A systematic review by Solans et al. [30] investigating the availability of generic and disease-specific instruments for measuring the health-related quality of life in children identified several instruments, although most were developed for high-income settings, the lower age limit of self-reported measures was 5–6 years old, and many needed to be administered by clinicians. Instruments that could be integrated into household surveys had similar limitations and were also quite lengthy, including the KIDSCREEN-52 quality of life measure [31]. The drawback of many of these tools is that they are age-specific, and different versions are required for different age groups, which means their use in large population-based surveys is challenging. The new PARADISE tool is a 24-item tool developed to assess impacts on brain disorders and is based on psychosocial difficulties [32]. However, this has also been developed and used in Europe for those aged over 18 years. There is a need, therefore, for the development of a tool to assess both physical and neurological disability in young children from the age of one years old, that can be administered by a lay-person and is validated in a community, including LMIC settings.

Given a dearth of tools that can accurately assess disability in young children and the possible emergence of disabilities years after the event, longitudinal studies may be required to assess the long-term effects of drowning. The development of a tool by WHO for non-fatal drowning in community settings is a welcome development, however it needs to be validated in a LMIC context, particularly among children [33]. The use of registries that track drowning events in Bangladesh may be useful in this regard [34]. However, while tracking drowning deaths may be feasible as such instances would be noticed by community health workers, leaders, and health centres, and are easily identifiable, non-fatal drowning events may remain underreported. Parents would have to be consistently encouraged to report on these events, even if they appear minor and have little visible effect on their children. Data managers for the registries should be trained to assess whether the event can be classified as a non-fatal drowning event as per definition. A register may only be implementable in a few sample communities, given the monitoring and data quality processes involved.

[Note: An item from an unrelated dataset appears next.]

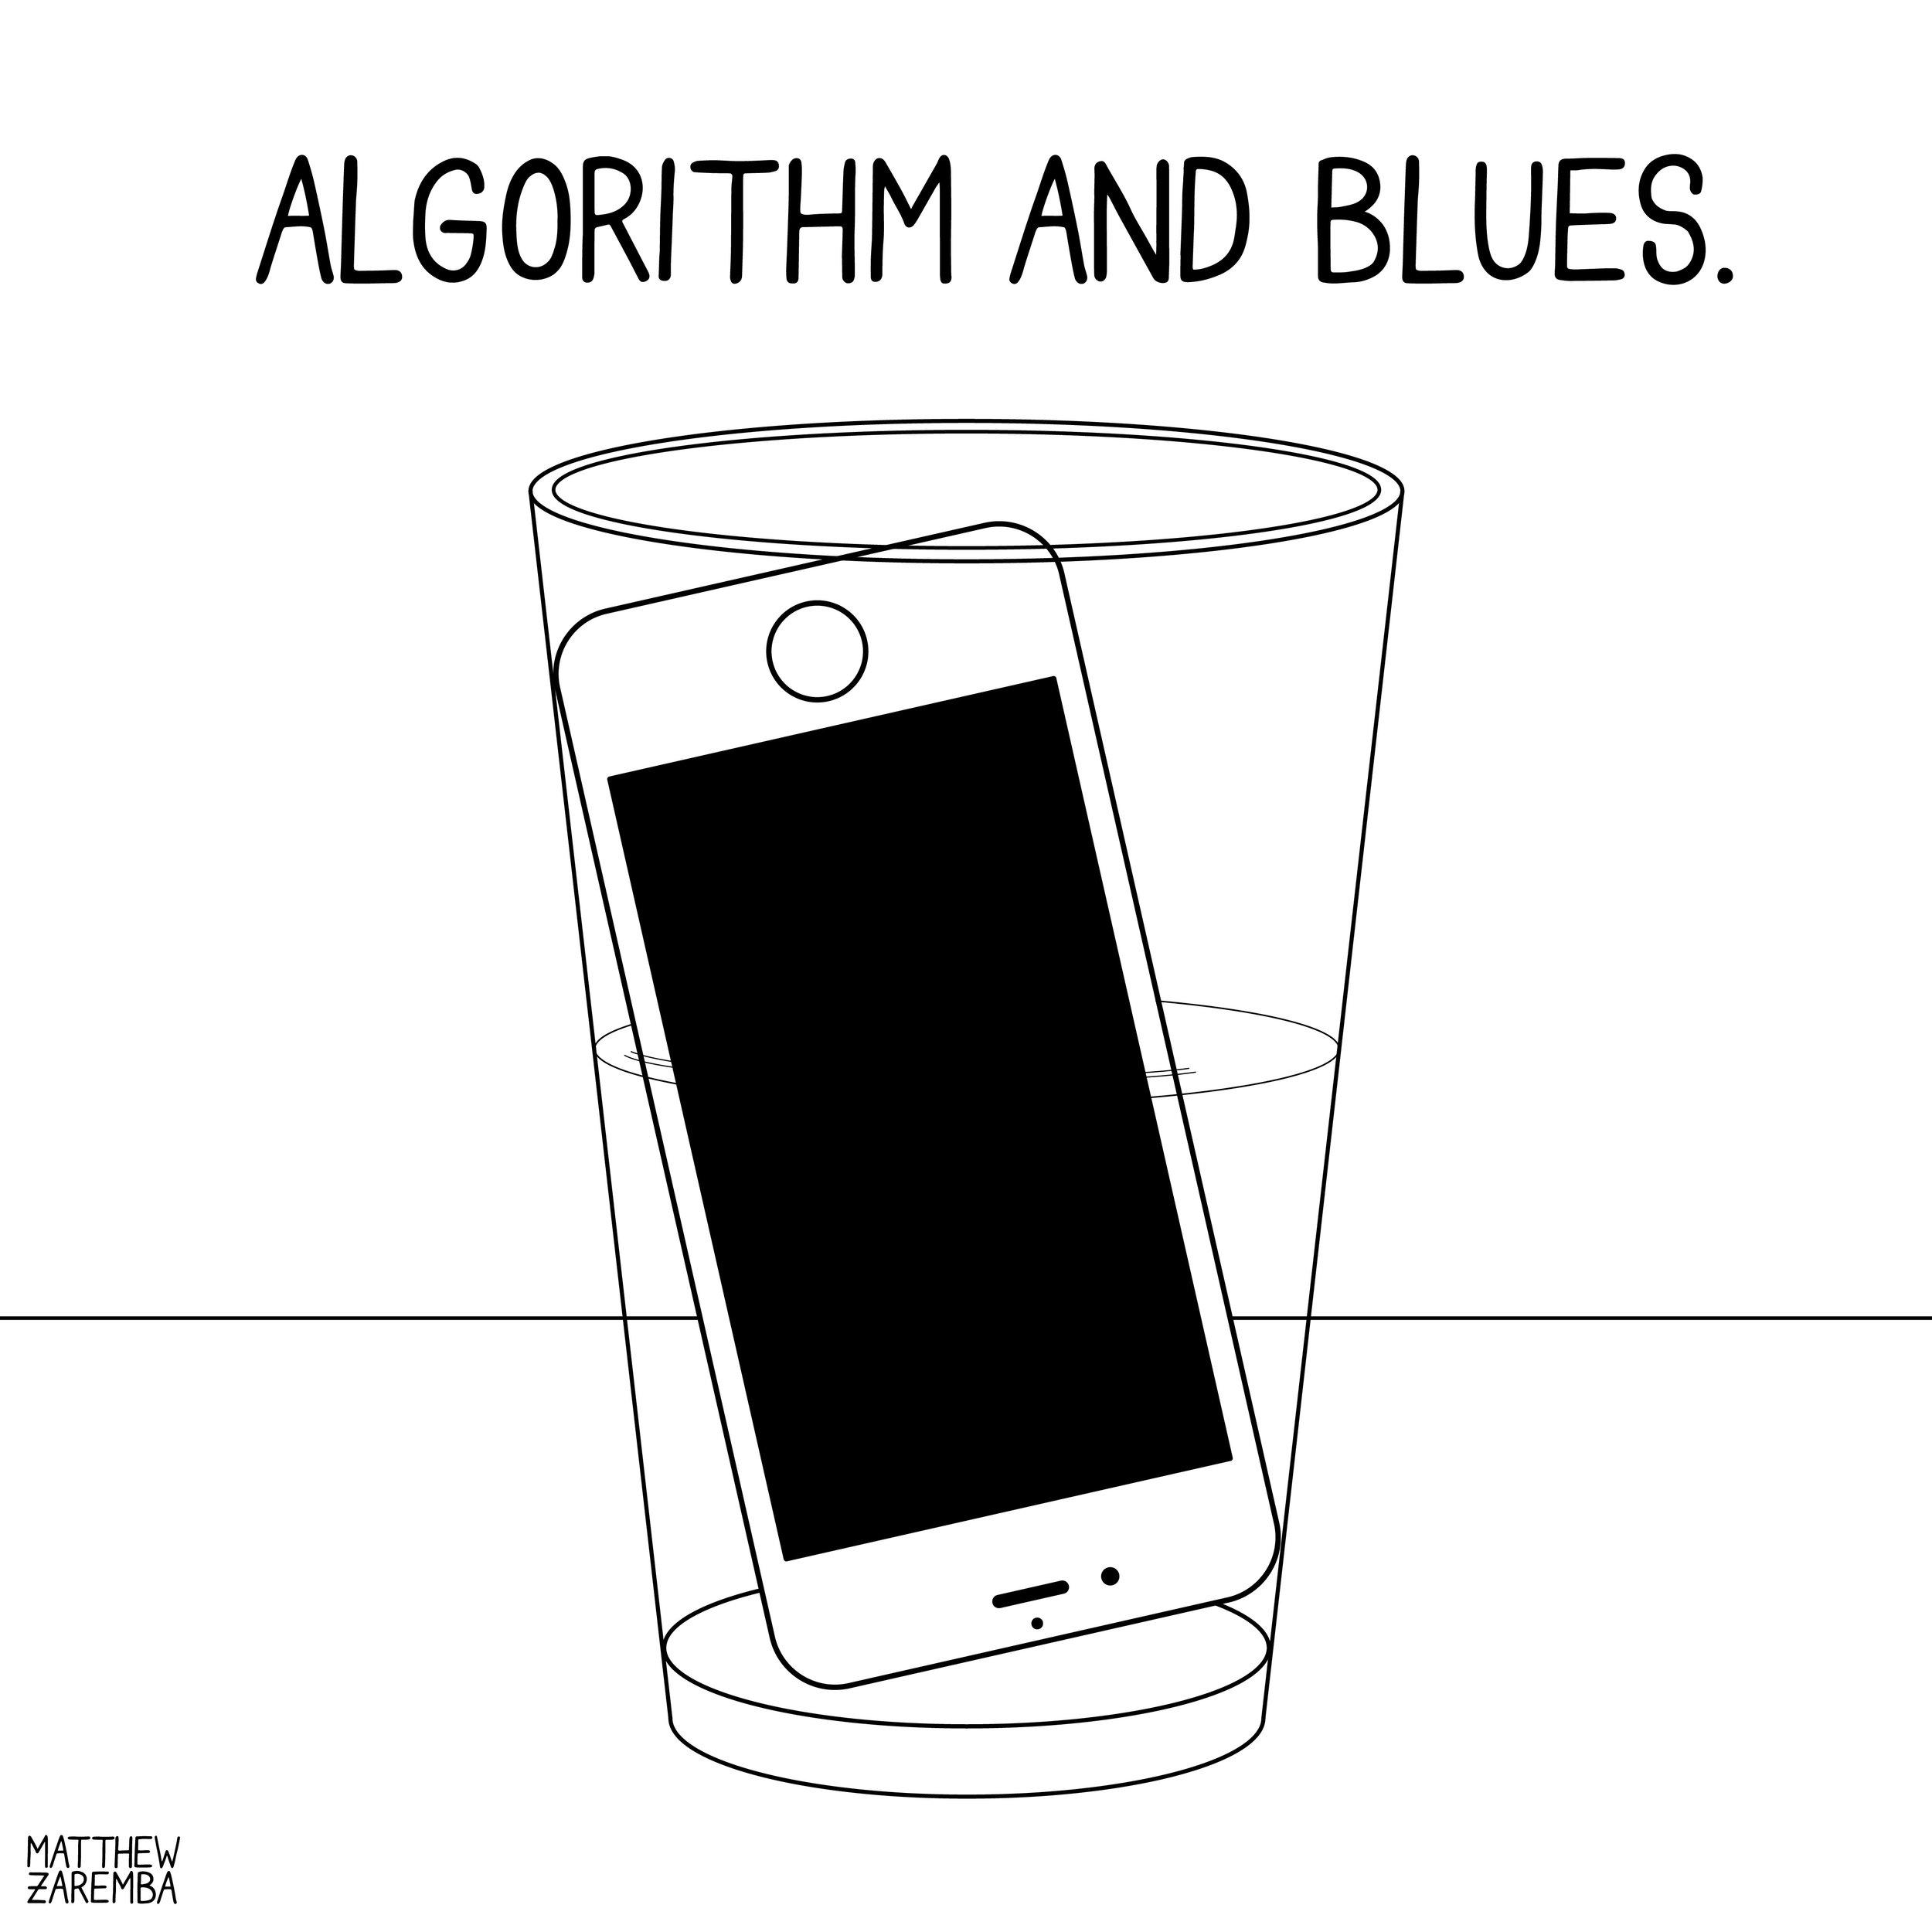 algorithmandblues-01.jpg
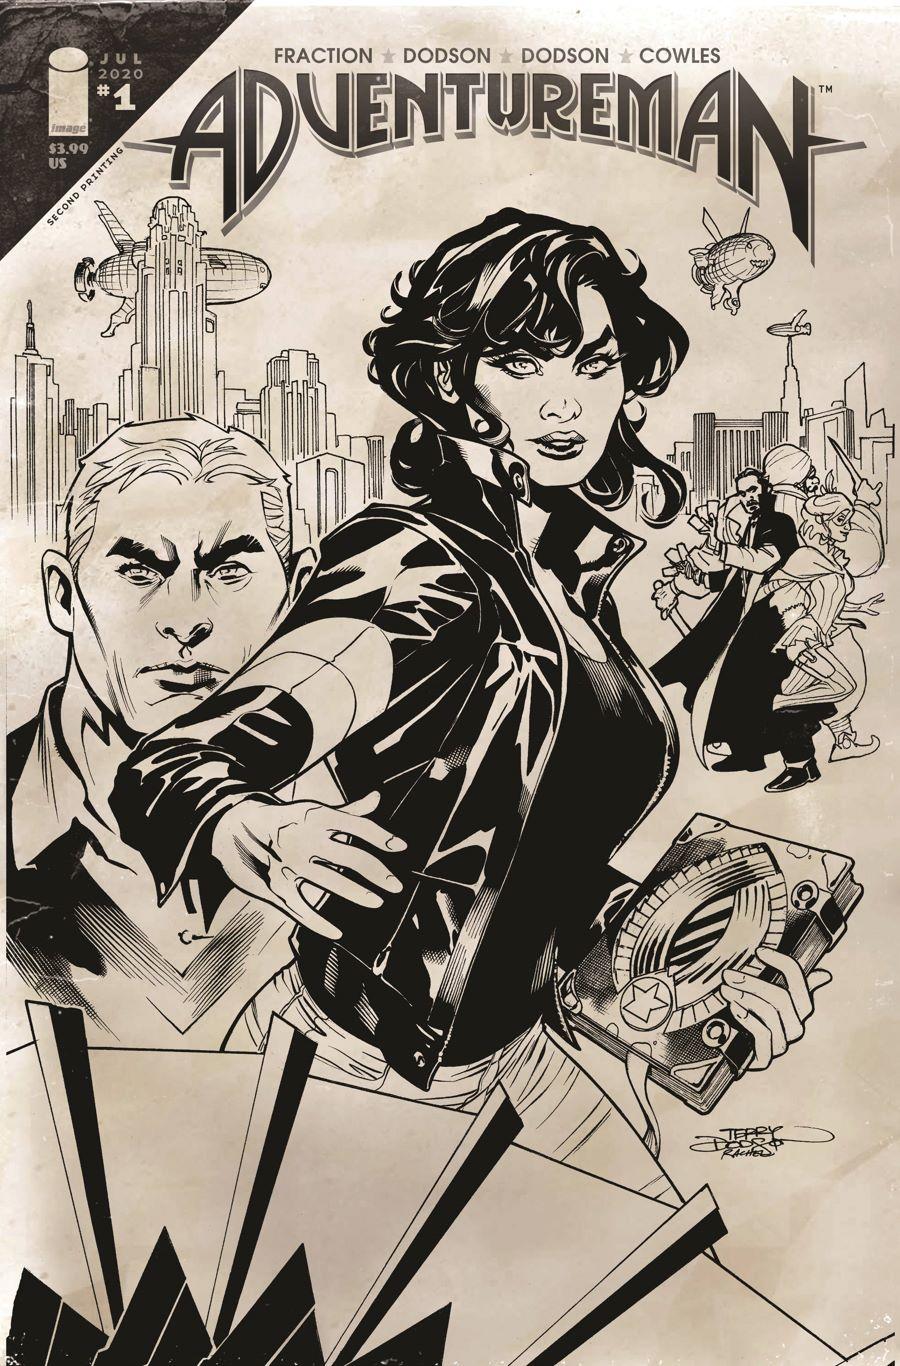 STL165258-1 ComicList: Image Comics New Releases for 07/22/2020

The risk factors of non-fatal drowning were similar to those of fatal drowning [21,22,23]. Interventions for the prevention of non-fatal drowning for this rural, LMIC region would therefore be similar to those aiming to prevent fatal drownings. For children, the WHO recommends the use of home-based barriers to prevent children’s access to water, the provision of supervised childcare services in physically enclosed creches, and swim and rescue training. For adults, regulations for water transport and workplace safety should be enforced. Community members should also be upskilled in first response to drowning [1].

5. Conclusions

Our study reported on non-fatal drowning events in Bangladesh. While the majority of survivors in our study did not experience disability, the findings demonstrate the need for better tools to measure drowning-related morbidity and the longer term follow-up of impacts, especially in young children, as these may have been underestimated. Training communities in appropriate post-drowning first response may also lead to a greater proportion of drowning victims surviving but facing morbidity. One fit-for-all approach to measuring disability from non-fatal drowning might not be viable, and thus there is a need to develop and identify methodologies to address some critical gaps in the low-and middle-income context, and child relevant outcome measures, informing the global drowning prevention agenda. The potential for new tools to draw comparison in diverse contexts may be considered.